Afissa

Scientific classification
- Kingdom: Animalia
- Phylum: Arthropoda
- Clade: Pancrustacea
- Class: Insecta
- Order: Coleoptera
- Suborder: Polyphaga
- Infraorder: Cucujiformia
- Family: Coccinellidae
- Subfamily: Coccinellinae
- Tribe: Epilachnini
- Genus: Afissa Dieke, 1947
- Species: See text
- Synonyms: Afilachna Bielawski, 1966 Afissula Kapur, 1958

= Afissa =

Genus of ladybug beetle

Afissa is a genus of ladybug beetles that belongs to the tribe Epilachnini. Members of this genus can be found throughout Eurasia and Africa.

== Taxonomy ==

=== Taxonomic history ===
The genus was erected in 1947 by Gerhard Heinrich Dieke, a German-American physicist who was an expert on the taxonomy of ladybug beetles. When it was erected, the type species was Coccinella flavicollis which is now a synonym of Afissa flavicollis.

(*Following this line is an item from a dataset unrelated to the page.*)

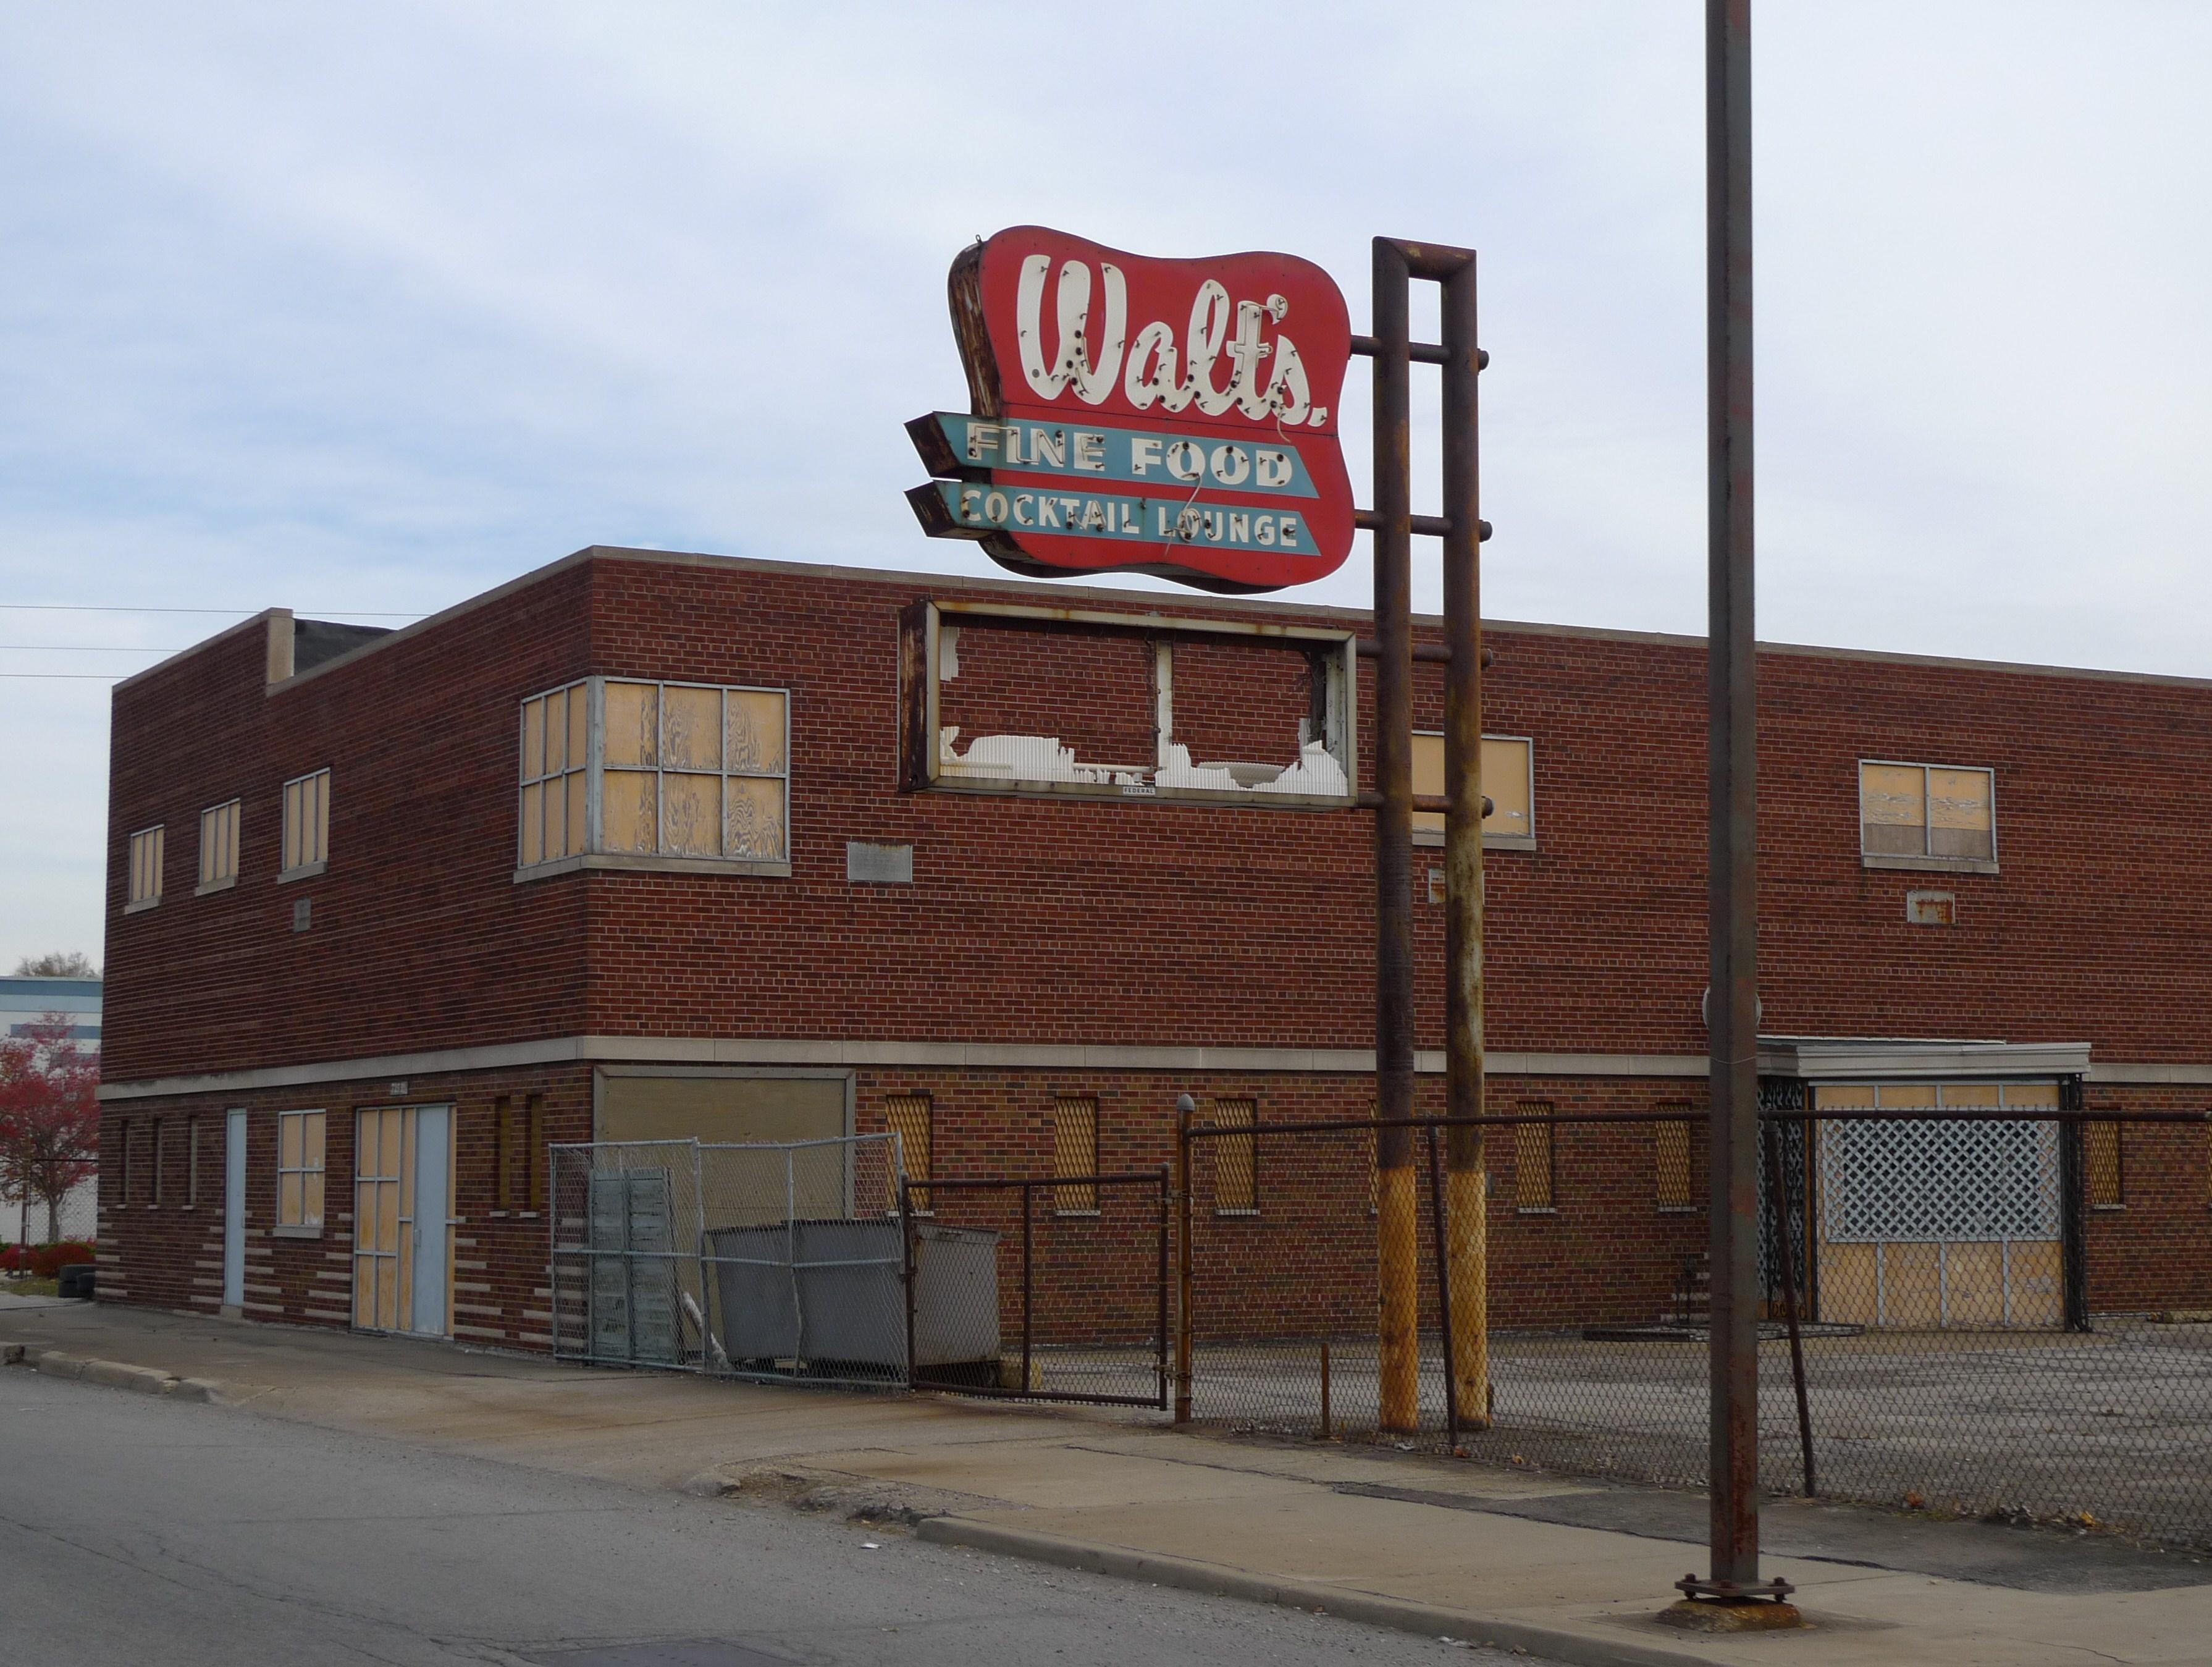 Walt's - along Fifth Avenue (U.S. Route 20), Gary, Indiana U.S.A. - November 13, 2009

Due to similarities with the species Epilachna borealis, it would be synonymized with Epilachna in 1961 by C.S. Li and E.F. Cook. In 2015, Szawaryn et al. would resurrect the genus from synonymy with Epilachna based on phylogenetic analysis of the genus. Furthermore, they would also propose that most Asian species formerly classified as belonging to Epilachna were actually apart of genus Afissa.

=== Species ===
This genus contains numerous species. Below is a list of species that belong to this genus:
- Afissa ampliata (Pang & Mao, 1979)
- Afissa anhweiana Dieke, 1947
- Afissa antennata (Bielawski, 1967)
- Afissa burmana (Bielawski, 1967)
- Afissa chapaensis (Hoang, 1977)
- Afissa craspedotricha (Yu, 2004)
- Afissa cuonaensis Iqbal et al. 2024
- Afissa expansa Dieke, 1947
- Afissa flavicollis (Thunberg, 1781)
- Afissa flavimarginalis (Hoang, 1978)
- Afissa galerucinoides (Korschefsky, 1934)
- Afissa gedeensis Dieke, 1947
- Afissa gibbera (Crotch, 1874)
- Afissa hydrangeae (Pang & Mao, 1979)
- Afissa hyla (Bielawski, 1967)
- Afissa kambaitana (Bielawski, 1967)
- Afissa langpingensis Das et al. 2023
- Afissa max Pang et al., 2012
- Afissa merkli (Jadwiszczak, 1989)
- Afissa mysticoides (Sicard, 1913)
- Afissa nielamuensis (Pang & Mao, 1977)
- Afissa nonggangensis (Zeng & Yang, 1996)
- Afissa parvula (Crotch, 1874)
- Afissa plicata (Weise, 1889)
- Afissa puncta (Bielawski, 1967)
- Afissa rana (Kapur, 1958)
- Afissa sadonensis (Bielawski, 1967)
- Afissa sanscrita (Crotch, 1874)
- Afissa schawalleri Iqbal et al. 2024
- Afissa similbengalica Iqbal et al. 2024
- Afissa spatulata (Cao & Xiao, 1984)
- Afissa sureilica Das et al. 2023'
- Afissa uniformis (Pang & Mao, 1979)
- Afissa xuexii Wang et al. 2025
- Afissa yunnanica (Cao & Wang, 1992)

== Distribution ==
This genus occurs throughout the continent of Eurasia and Africa. There have been more than 30 species that have been recorded from China. However the taxonomy of many Chinese species remains poorly studied and many species that were formerly assigned to Epilachna are in need of further examination.

== Description ==
The morphology and size of species belonging to Afissa vary greatly unlike genus Epilachna whose species are nearly homogeneous and hardly differ in morphology. Their spot patterns are also varied.

== Biology ==
Little is known about the biology of genus Afissa. They are apparently not a pest species which is due to their populations being low and their main plant food sources being of low economic importance.